Search each line of the data for the word "clean"; copy every line where it is found.

──────────────────────────────

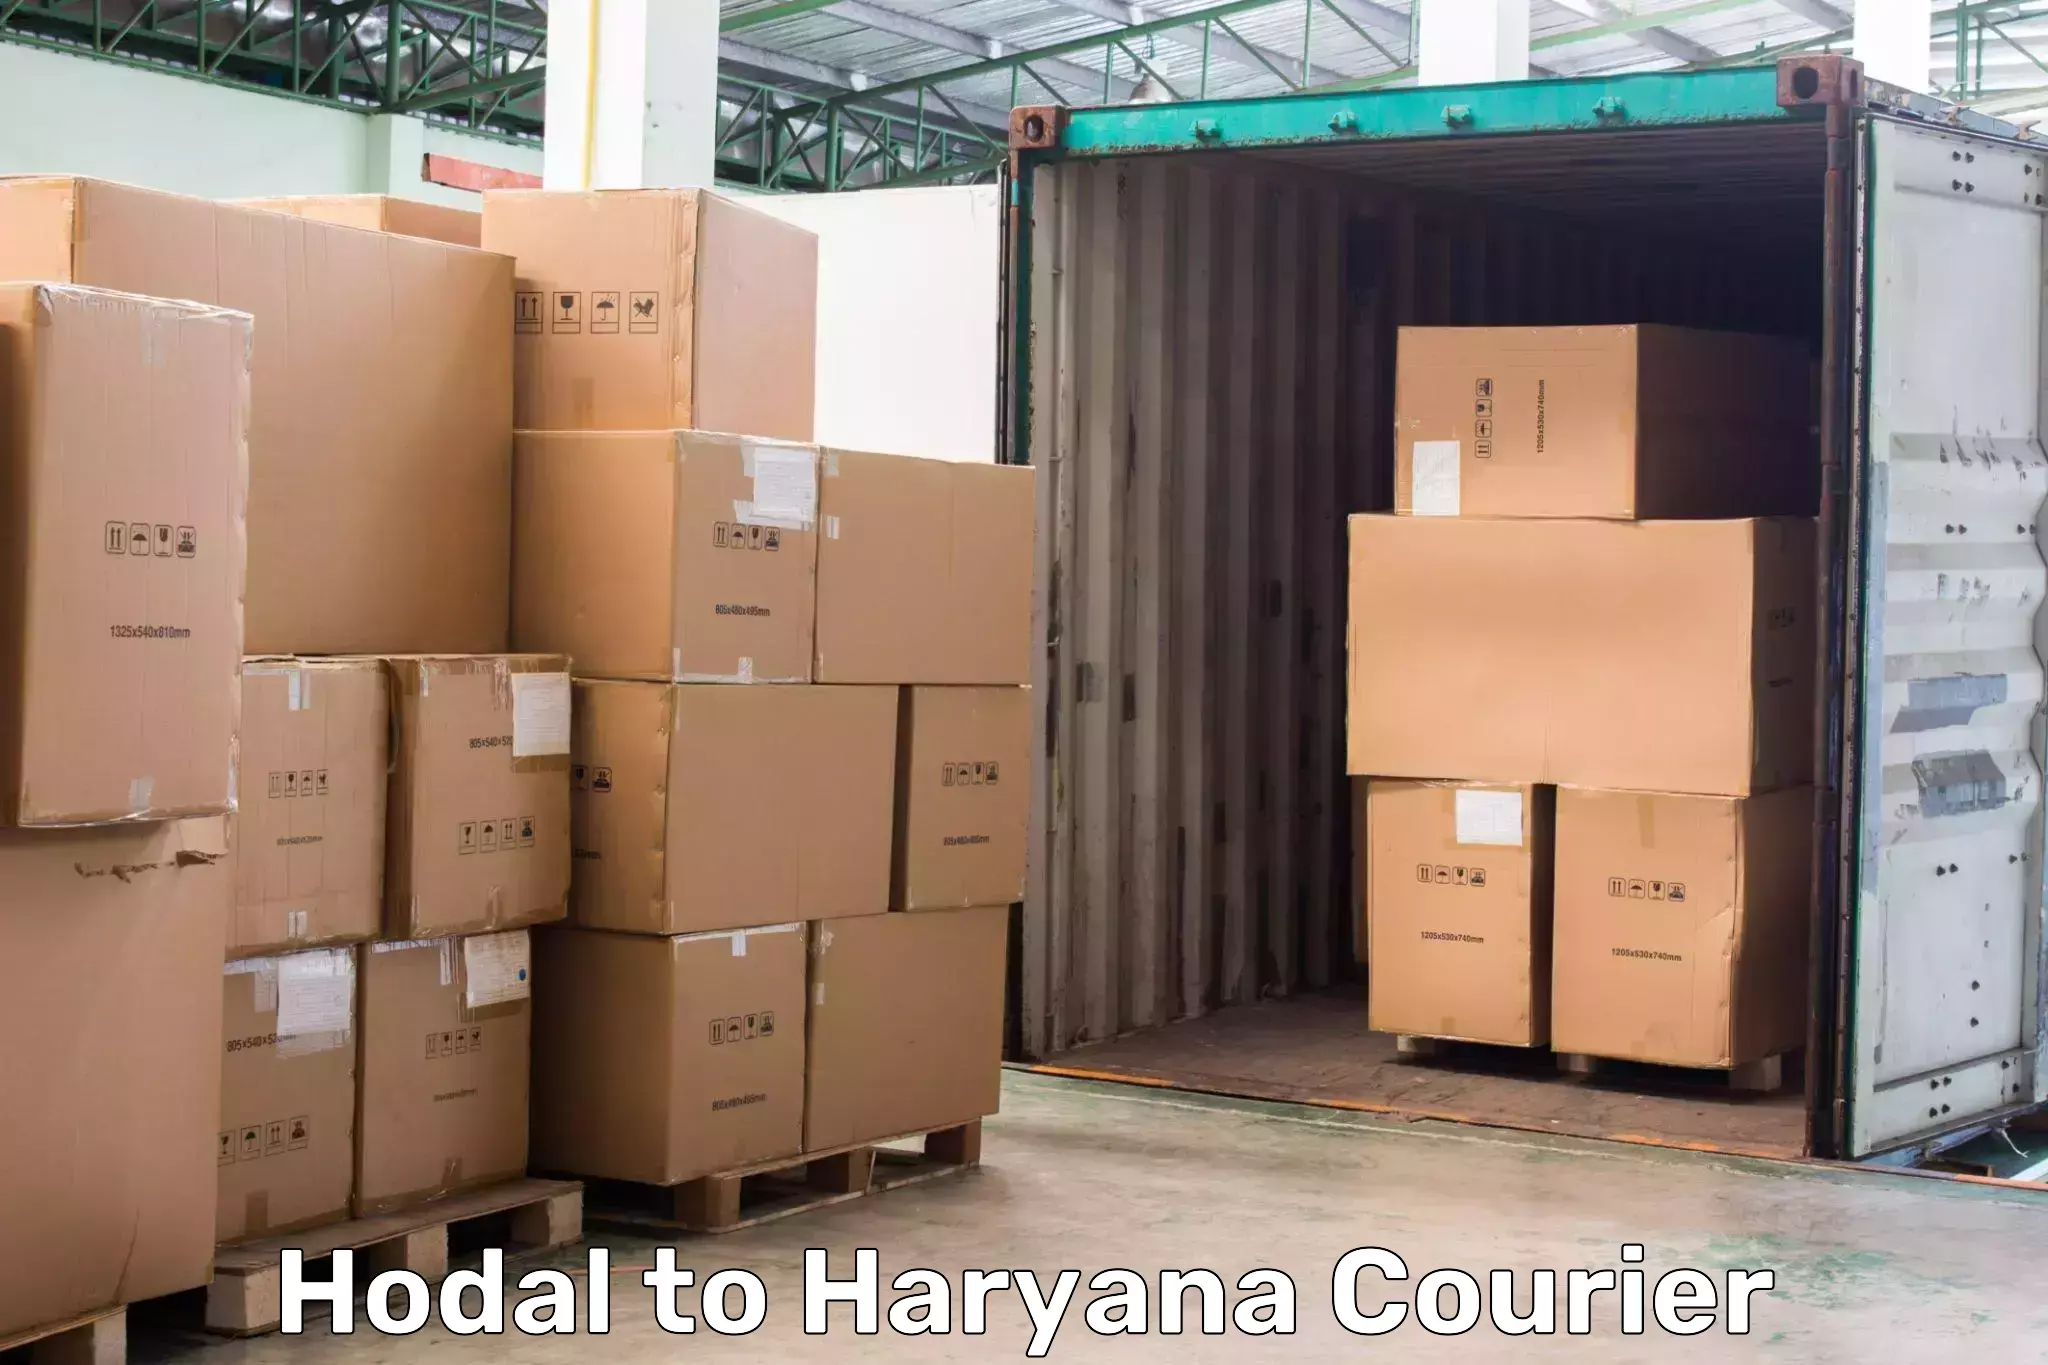 Reliable courier service Hodal to Chaudhary Charan Singh Haryana Agricultural University Hisar
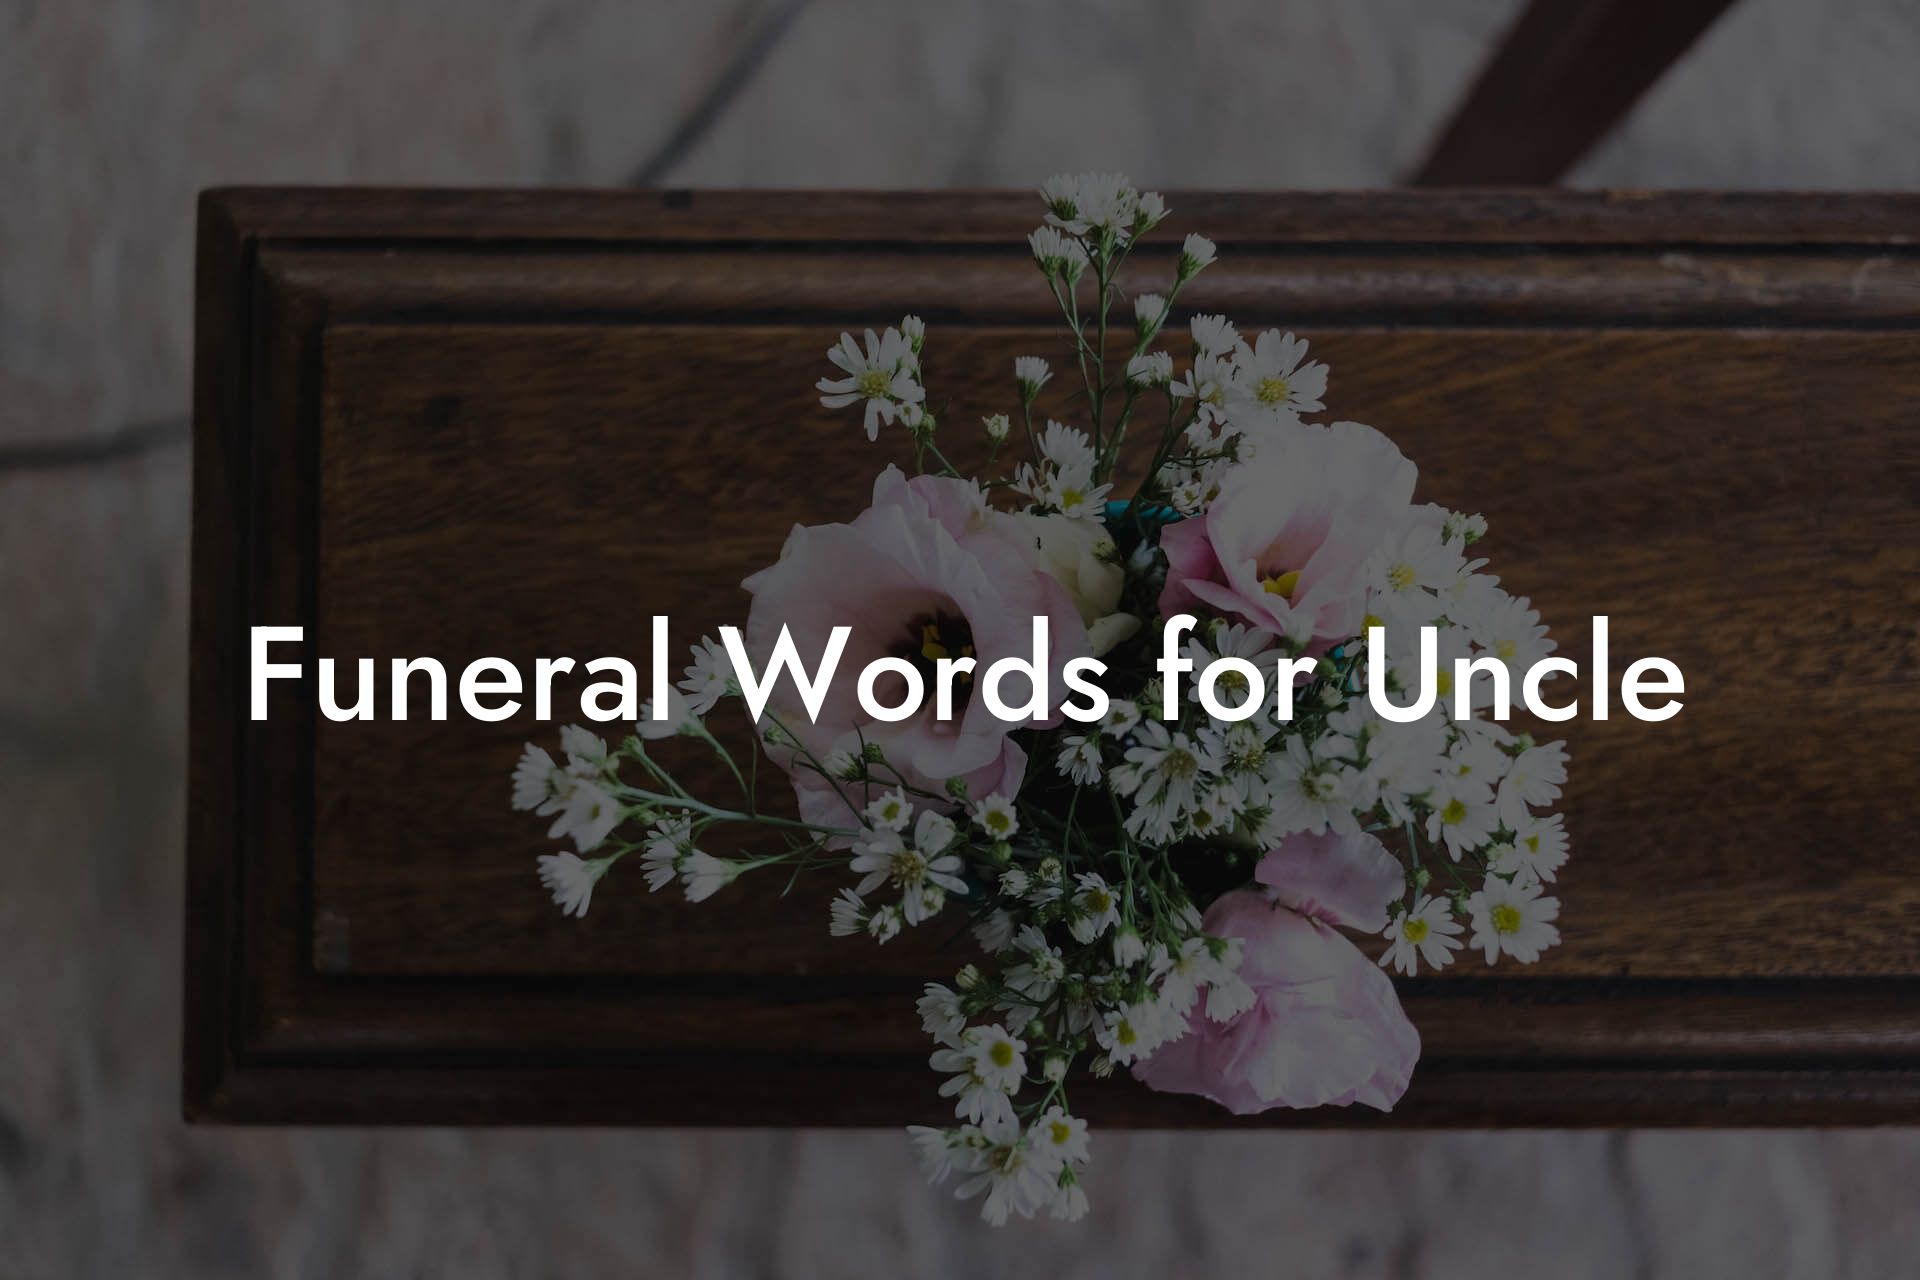 Funeral Words for Uncle
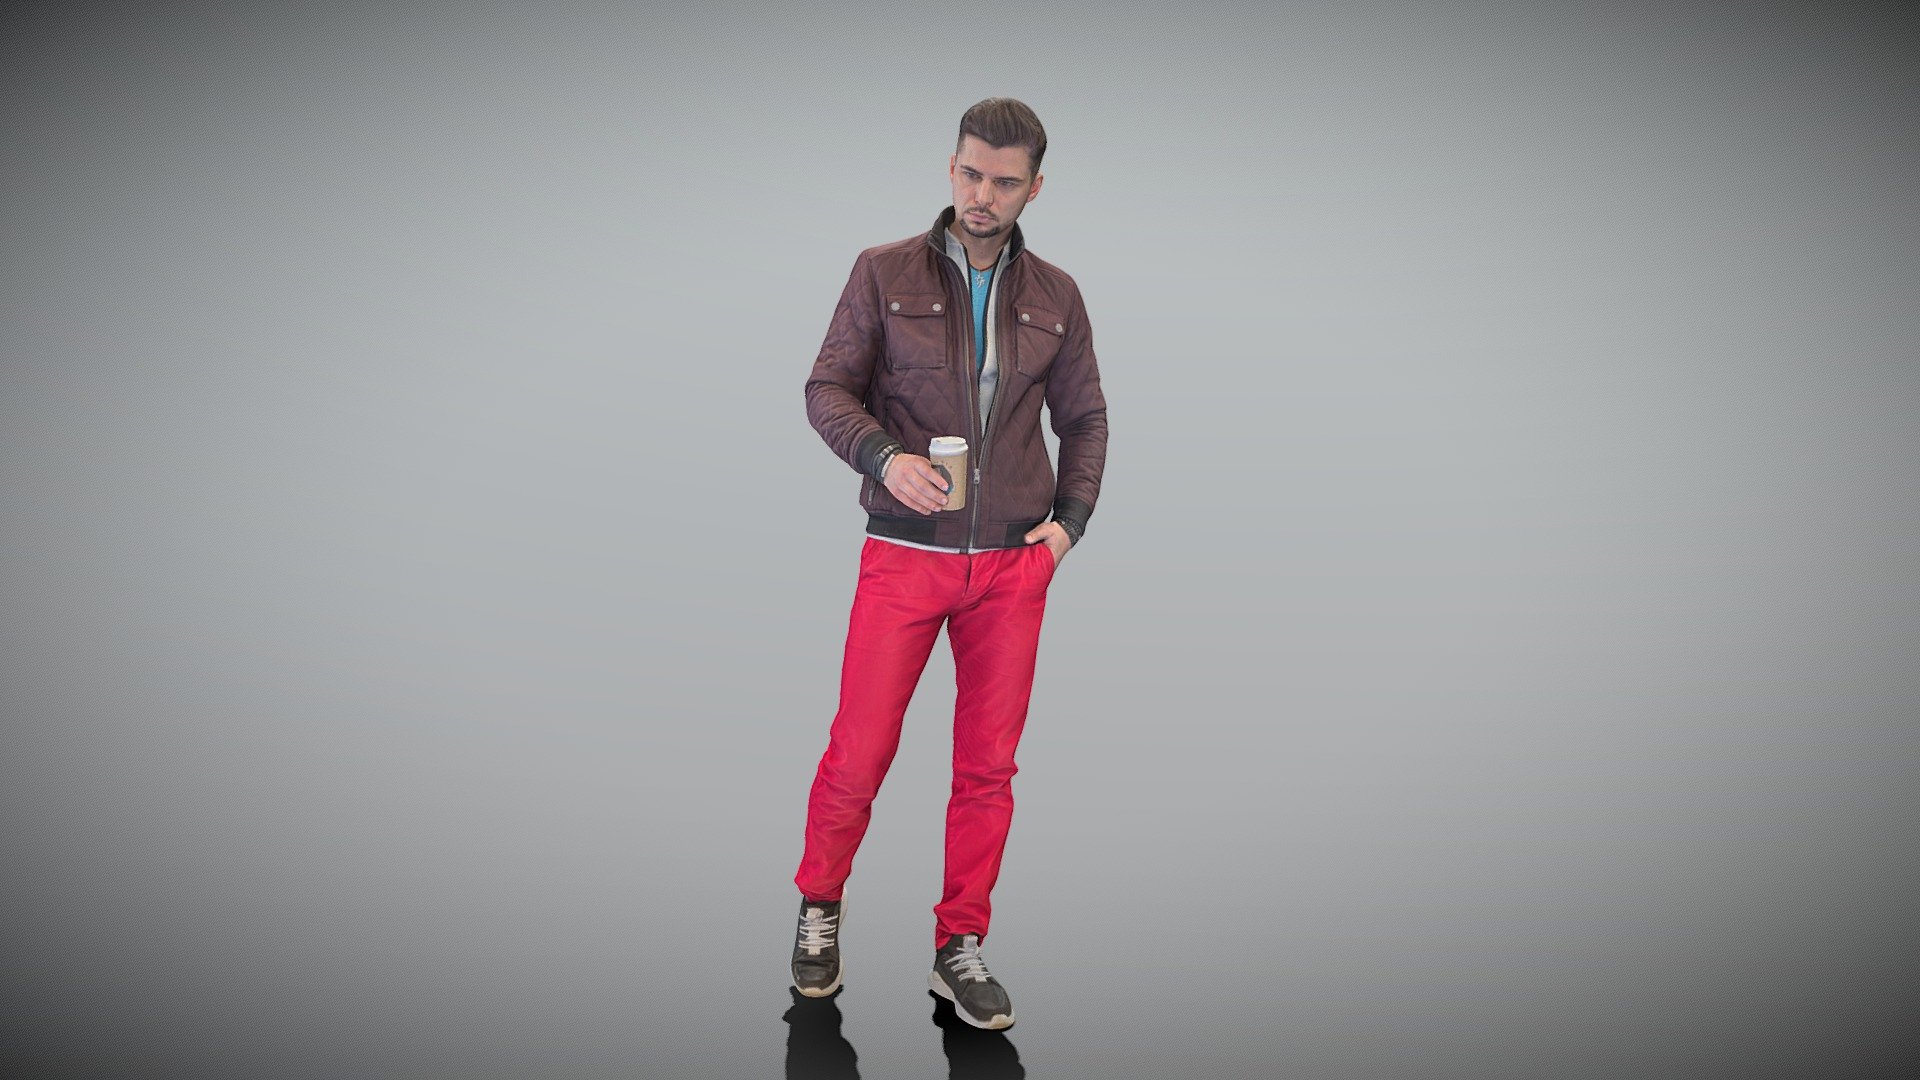 This is a true human size and detailed model of a handsome young man of Caucasian appearance dressed in casual style. The model is captured in casual pose to be perfectly matching to variety of architectural visualization, background character, product visualization e.g. urban installations, city designs, outdoor design presentations, VR/AR content, etc.

Technical specifications:




digital double 3d scan model

150k &amp; 30k triangles | double triangulated

high-poly model (.ztl tool with 5 subdivisions) clean and retopologized automatically via ZRemesher

sufficiently clean

PBR textures 8K resolution: Diffuse, Normal, Specular maps

non-overlapping UV map

no extra plugins are required for this model

Download package includes a Cinema 4D project file with Redshift shader, OBJ, FBX, STL files, which are applicable for 3ds Max, Maya, Unreal Engine, Unity, Blender, etc. All the textures you will find in the “Tex” folder, included into the main archive.

3D EVERYTHING

Stand with Ukraine! - Man in jacket walking 396 - Buy Royalty Free 3D model by deep3dstudio 3d model
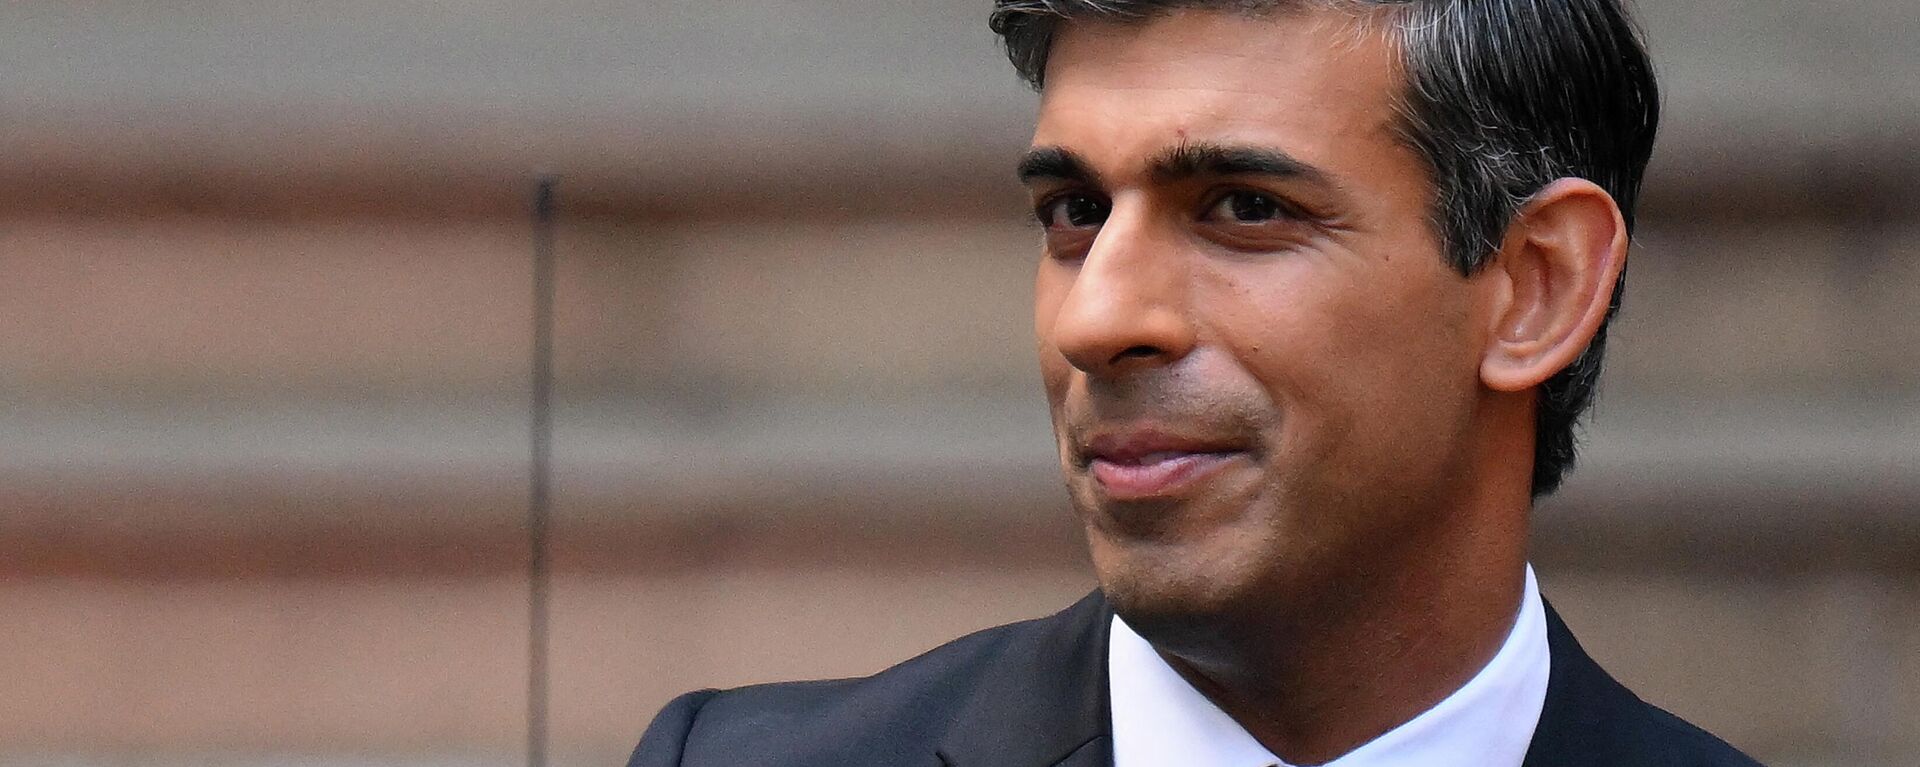 Rishi Sunak enters a car as he leaves from Conservative Party Headquarters in central London having been announced as the winner of the Conservative Party leadership contest, on October 24, 2022. - Sputnik International, 1920, 04.01.2023

──────────────────────────────

#### Solved problem:
high-poly model (.ztl tool with 5 subdivisions) clean and retopologized automatically via ZRemesher
sufficiently clean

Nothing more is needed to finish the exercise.